[[ Data for processing, beginning ]]

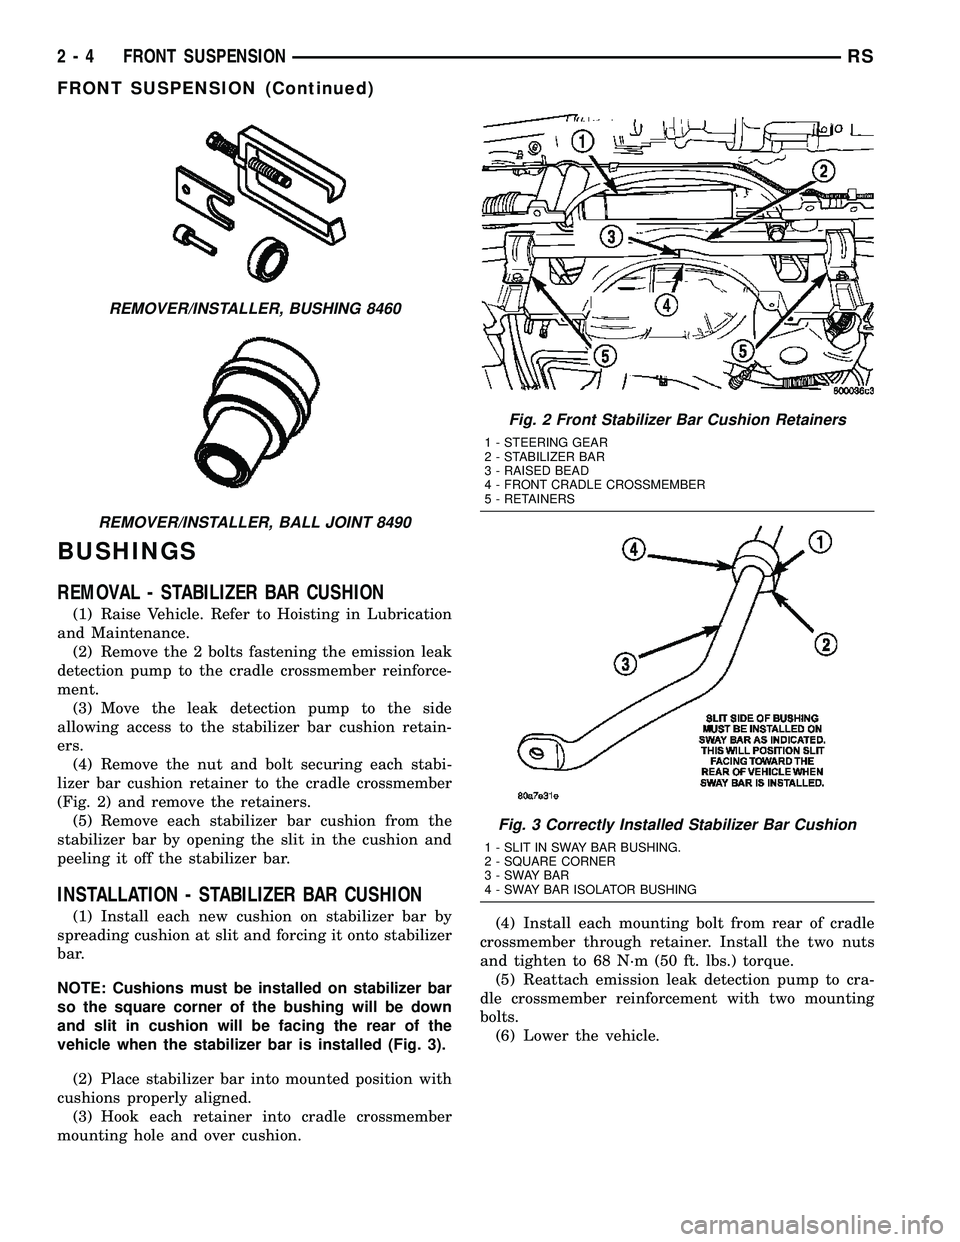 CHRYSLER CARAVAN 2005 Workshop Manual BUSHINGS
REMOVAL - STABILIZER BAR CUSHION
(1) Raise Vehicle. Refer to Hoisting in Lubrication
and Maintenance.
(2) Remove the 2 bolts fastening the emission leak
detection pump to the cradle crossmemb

[[ Data for processing, end ]]

The problem
Print only these lines, exactly: the one containing "and Maintenance." and all after it to the end of the entries.

Written answer
and Maintenance.
(2) Remove the 2 bolts fastening the emission leak
detection pump to the cradle crossmemb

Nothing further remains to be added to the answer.